# Summary of S4-260132: Discussion of FS_ULBC Objective Speech Quality Assessment Method

## Background

This contribution addresses speech quality assessment challenges for ultra-low bitrate codecs (ULBC). While subjective testing remains the benchmark for ULBC codec selection, objective speech evaluation methods can serve as predictive tools during intermediate testing and parameter adjustment processes, enabling more convenient and efficient quality verification.

## Overview of Existing Speech Objective Quality Evaluation Methods

The document provides a comprehensive comparison of available objective assessment tools:

### Standardized ITU-T Methods

- **P.863 (POLQA)**: Full-reference method, widely adopted in ITU/3GPP, supports NB/WB/SWB, maintains performance below 4kbps in SWB mode
- **P.563**: No-reference method suitable for real-time applications, but less accurate for extreme noise or complex distortions compared to full-reference methods

### Open Source Methods

- **ViSQOL**: Full-reference, performs well for low bitrates (under 8kbps with good MOS correlation), but not formally standardized
- **STOI/ESTOI**: Full-reference, focuses on speech intelligibility, computationally efficient with high correlation to subjective tests in noisy conditions. ESTOI improves robustness to nonlinear distortions (e.g., neural codecs)
- **SCOREQ**: No-reference model with strong cross-domain robustness and improved correlation with human judgments

## Capabilities and Limitations for ULBC

The document analyzes each method's suitability for ultra-low bitrate scenarios:

- **P.863**: Most widely adopted, broad bandwidth support, proven performance at low bitrates
- **P.563**: Limited adaptability to non-linear distortions from neural codecs
- **ViSQOL**: Good consistency with MOS at low bitrates but lacks formal standardization
- **STOI/ESTOI**: Effective for intelligibility assessment, robust to nonlinear distortions, but not ITU-T/3GPP standardized
- **SCOREQ**: Addresses domain-generalization shortcomings with improved out-of-domain robustness

## Proposal

### Recommended Objective Assessment Methods

After excluding unsuitable methods, the contribution recommends considering **P.863, ViSQOL, and ESTOI** as potential objective quality assessment methods for ULBC.

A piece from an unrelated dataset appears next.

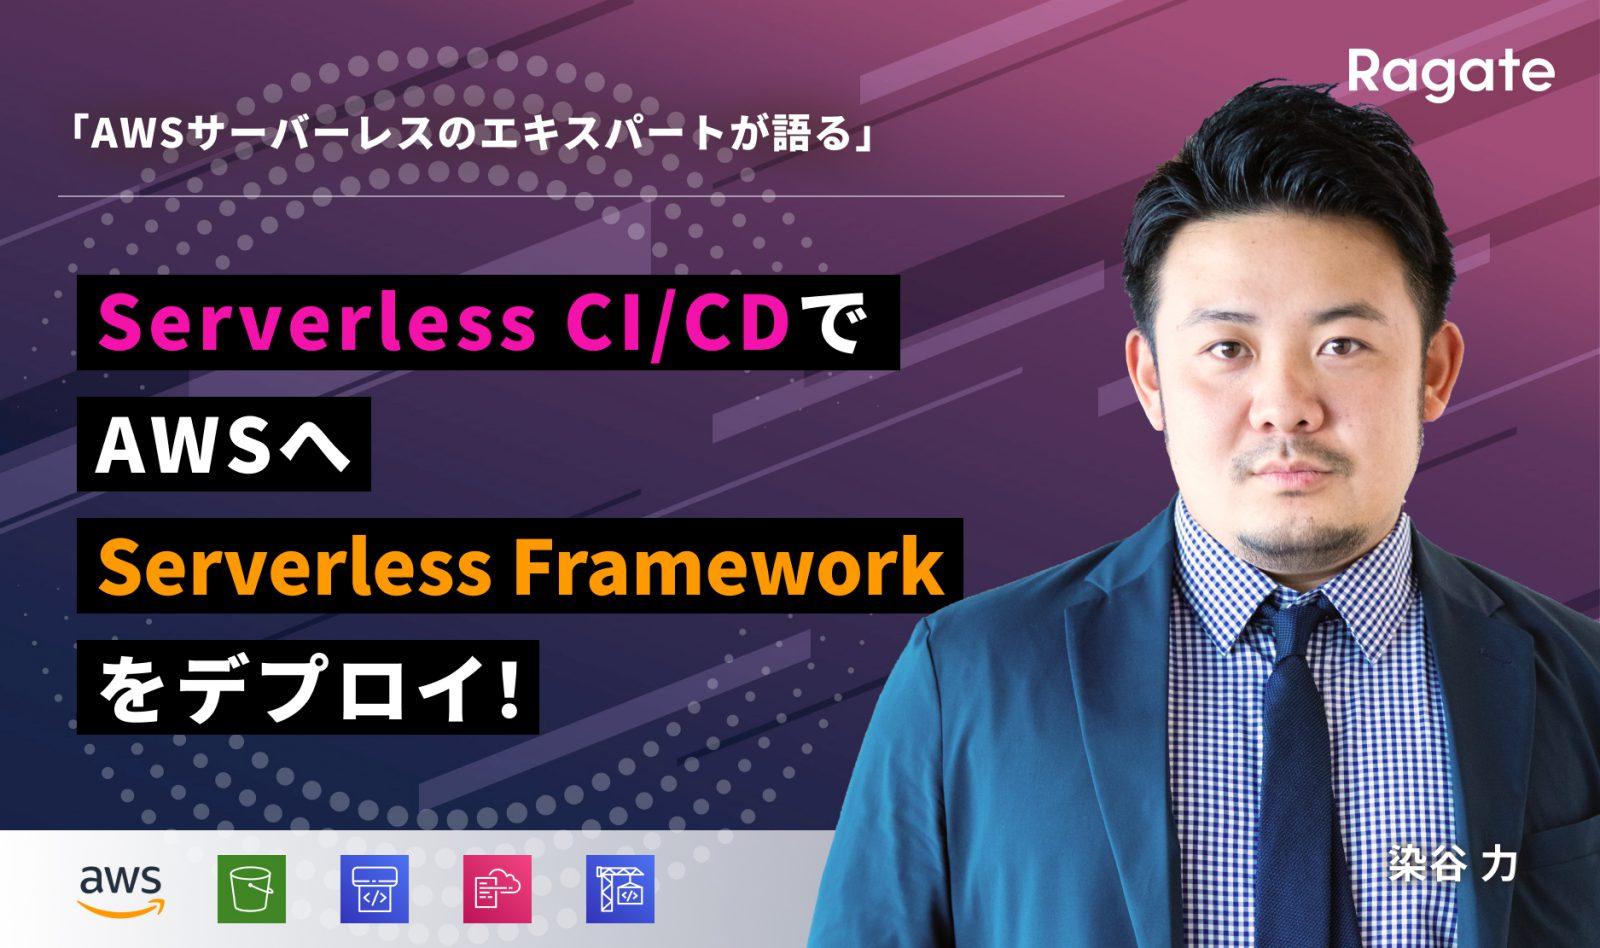 Serverless CI/CD でAWSへServerless Frameworkをデプロイ!

### Text Proposal for TR 26.940

The document proposes a pCR to TR 26.940 Section 9 (Test methodologies) that includes:

#### New Section 9.1.1: Typical Quality Impairments

Identifies ULBC-specific impairment categories:
- Loss of listening-only audio quality
- Audio bandwidth loss
- Impaired intelligibility
- Impaired speaker identifiability
- Prosodic impairments
- Hallucination (word and phone confusions)
- Sensitivity to non-speech input (background noise, music, reverberant speech)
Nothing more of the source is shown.